Dans le cadre de la mobilisation contre le projet de loi de « sécurité globale », le Secours Rouge Toulouse a réalisé un entretien avec Gwenola Ricordeau sur les questions que posent ce mouvement. Française installée aux États-Unis depuis quelques années, Gwenola Ricordeau est professeure de justice criminelle à la California State University, Chico. Militante de longue date pour l’abolition du système pénal, elle est notamment l’auteure de Les détenus et leurs proches. Sentiments et solidarités à l’ombre des murs (Autrement, 2008) et Pour elles toutes. Femmes contre la prison (Lux, 2019).
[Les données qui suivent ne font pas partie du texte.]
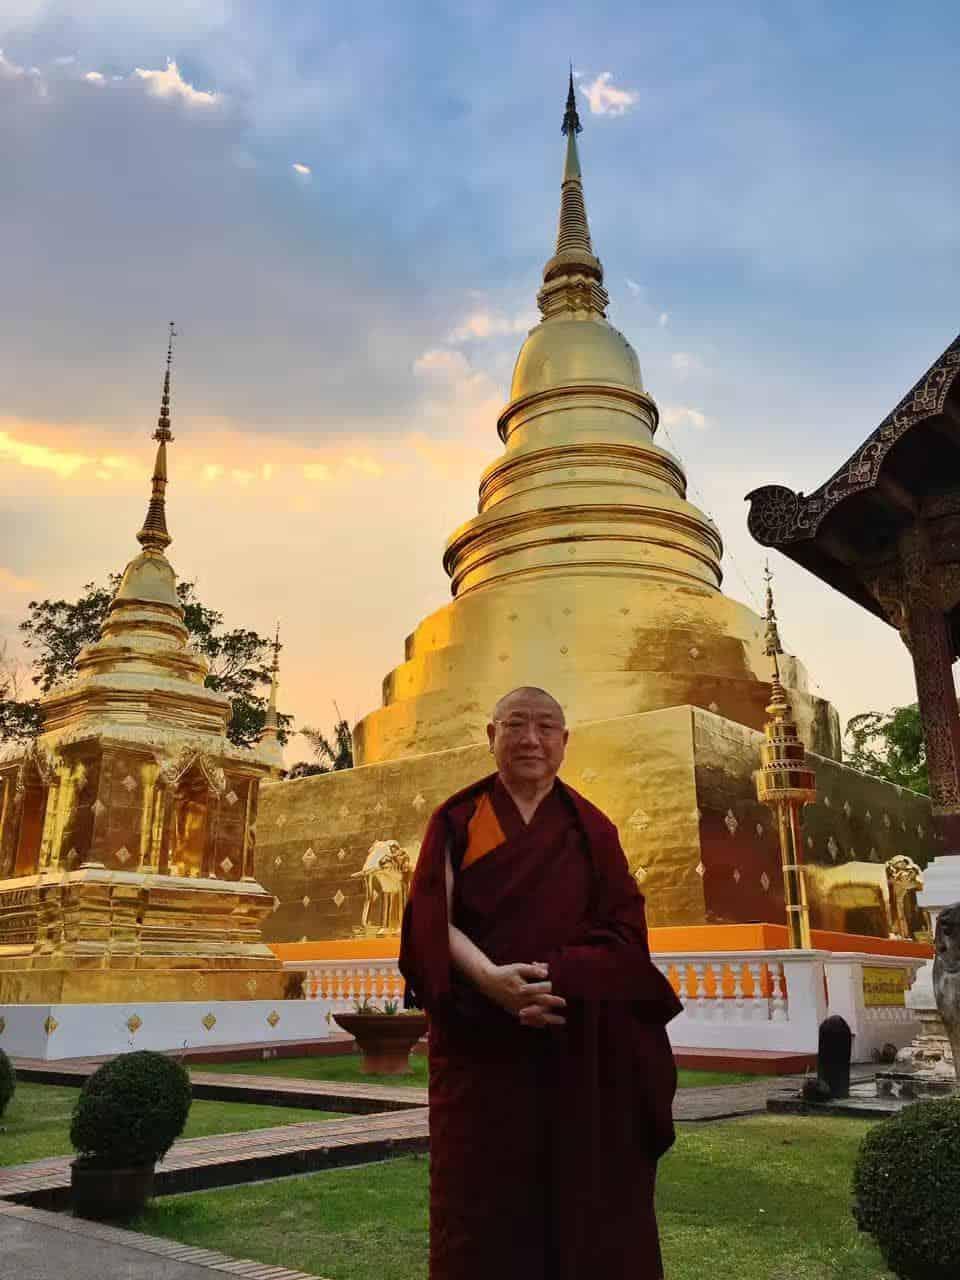 Gosok Rinpoche Thailand 2017 T008 03dd2d908e22bc92e7534f0989e2ccc
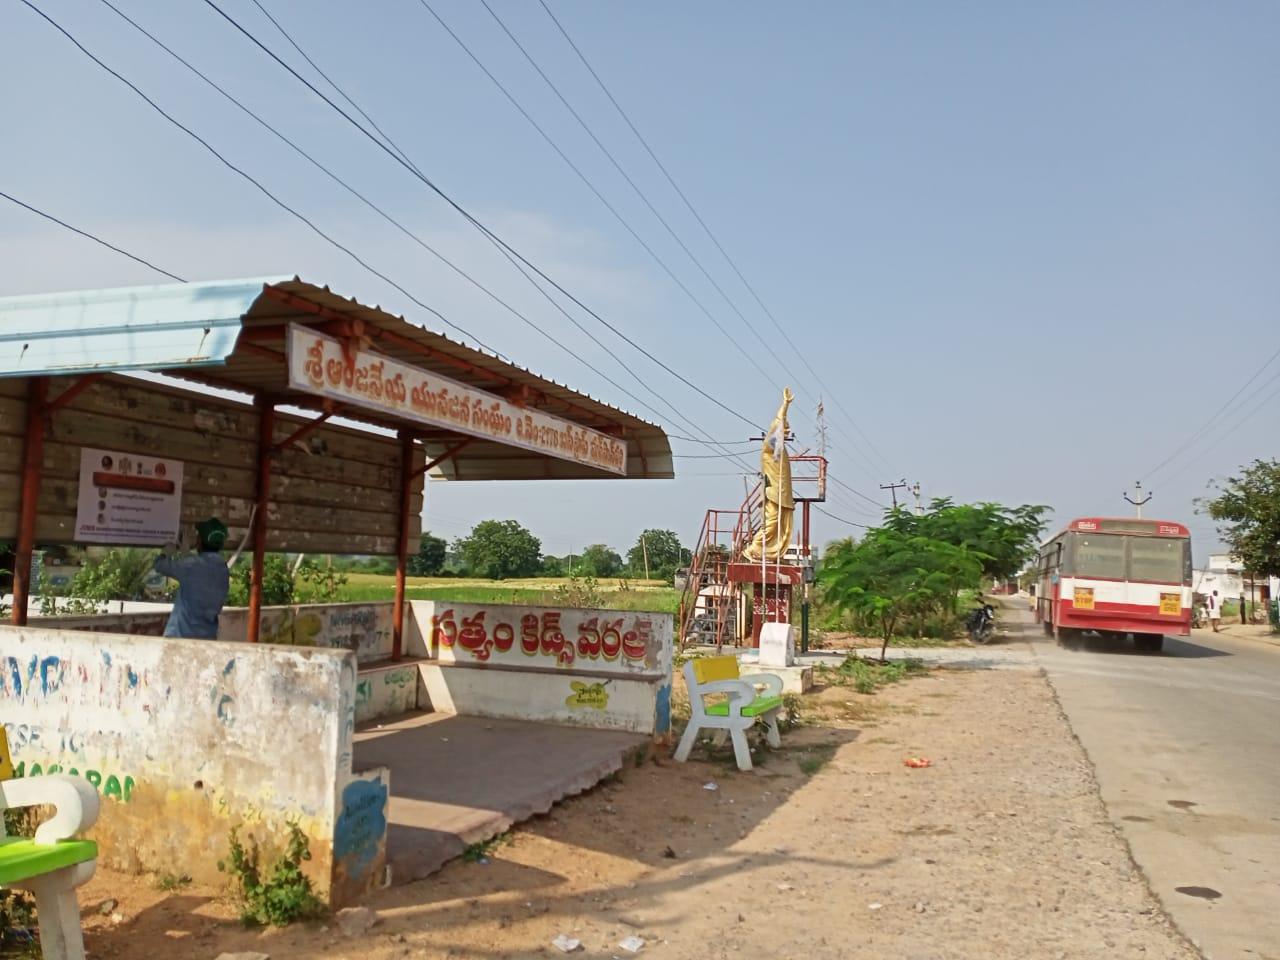 Janandolan campaign on COVID 19 -Manasapally Village

Crédit photo : Léopold Lambert

 

Le mouvement actuel contre la loi « sécurité globale » semble se polariser sur le retrait de la loi ou juste une partie (notamment l’article 24), qu’en penses-tu ?

 

Oui, j’observe aussi cette polarisation. L’article 24 permet au gouvernement d’avoir une marge de négociation (amender ou retirer cet article) et, tactiquement, il a un réel avantage à ce que les mobilisations se focalisent sur les images prises des policiers. En effet, la loi prévoit beaucoup d’autres dispositions, comme l’élargissement du champ d’intervention des polices municipales, l’extension des missions pour le secteur de la sécurité privée, l’utilisation des drones comme outils de surveillance… Beaucoup de dispositions qui échappent ainsi à l’attention du débat public, alors qu’il n’y a pas besoin d’être radical pour mesurer le recul qu’elles représentent pour les libertés publiques.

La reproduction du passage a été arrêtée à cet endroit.